Before diving into my thoughts on this, I believe it’s helpful to explain the concept of "insured lives" experience.
If you work in life insurance or family takaful, you may be familiar with terms like "M8388" or "M1115". These abbreviations represent mortality tables derived from claim experiences of insured lives in Malaysia’s life insurance industry. The numbers in these abbreviations aren’t secret codes – they simply refer to the years in which the mortality studies were conducted. For example, "M8388" reflects mortality experience observed between 1983 and 1988 (a 5-year period).
Why Conduct Studies on Insured Lives?
Why does the life insurance industry conduct these studies? Couldn’t we just rely on mortality data from the general population?

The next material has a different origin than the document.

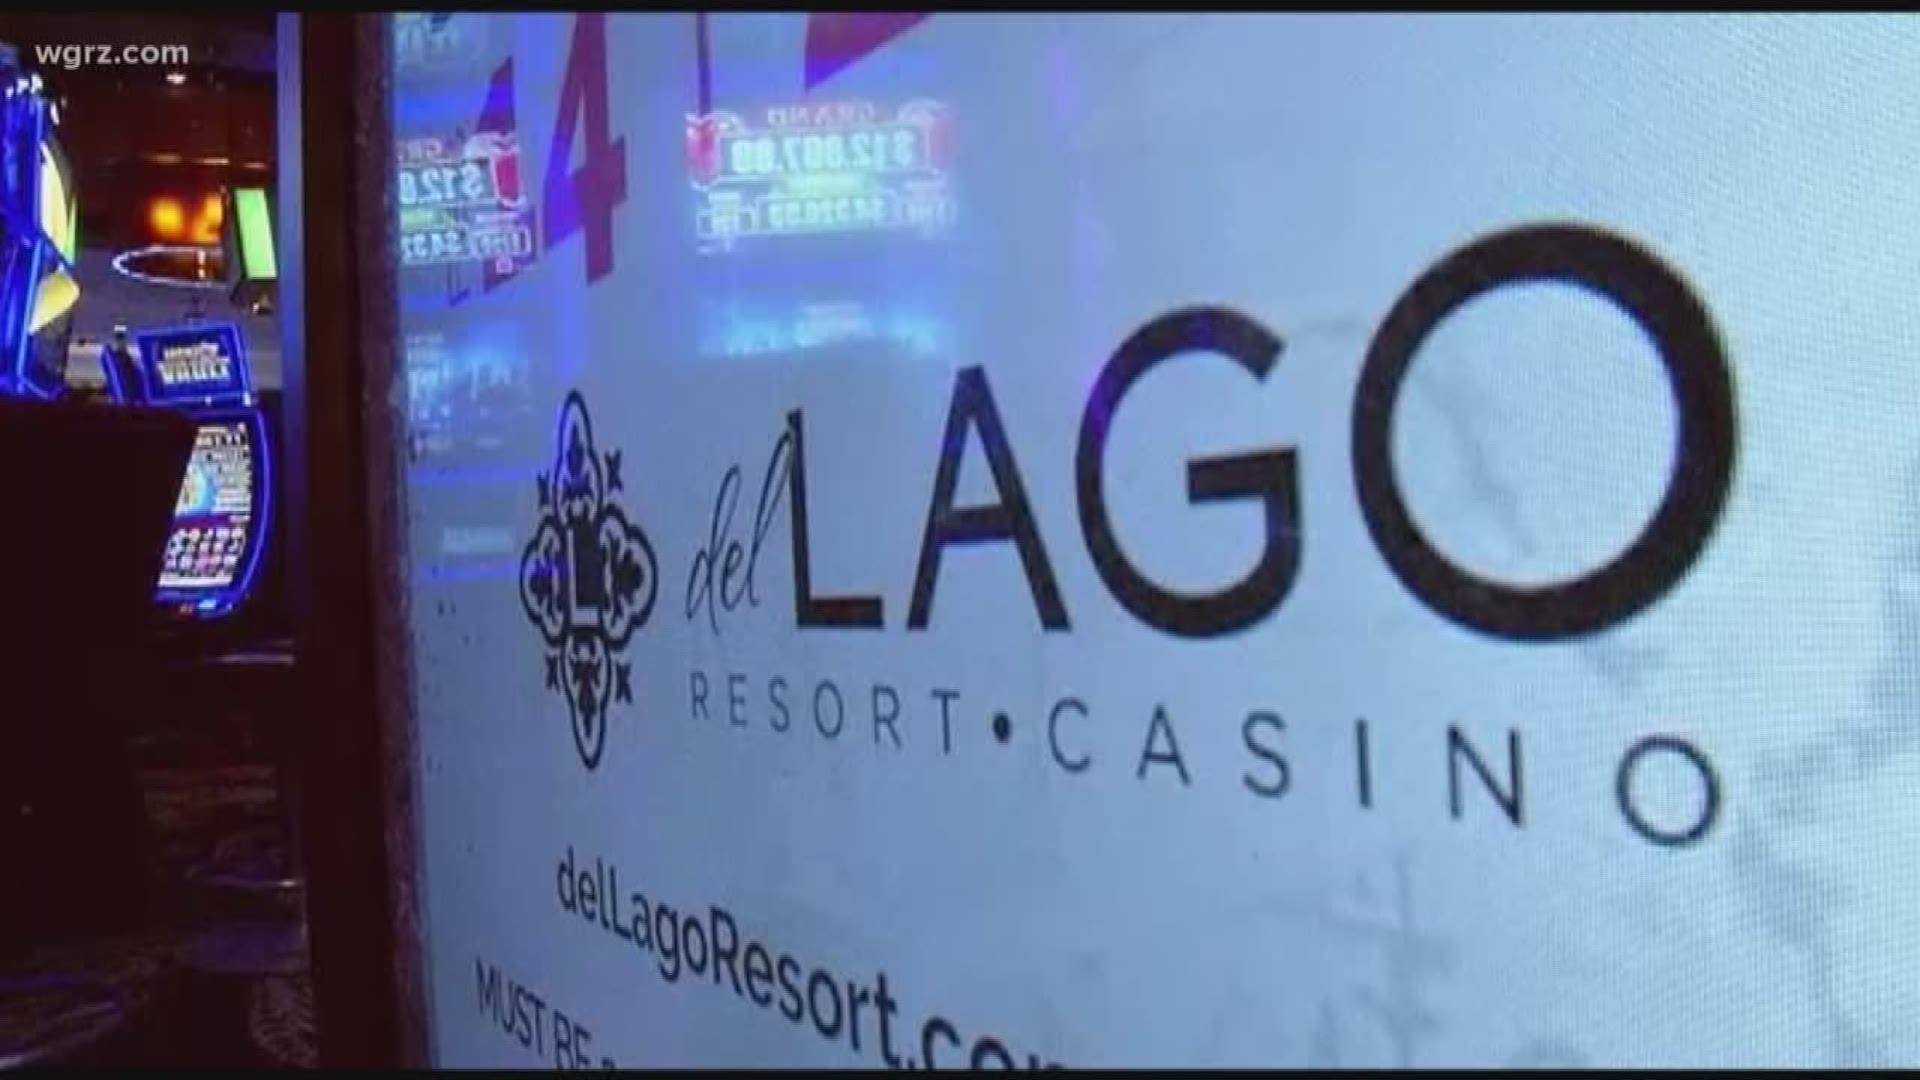 Del Lago casino, struggling with revenue, is seeking a state bailout.

The answer, by common sense and theory, is "NO". Insured lives typically experience better mortality rates because life insurance companies conduct underwriting assessments before approving coverage. If someone applying for insurance has a poor medical history or engages in a high-risk occupation, their application may be declined.
This makes sense, right? Now let’s circle back to medical insurance. Just like life insurance, underwriting assessments are conducted before someone is accepted for medical coverage. Logically, we might expect similar results – that insured individuals should experience lower healthcare costs.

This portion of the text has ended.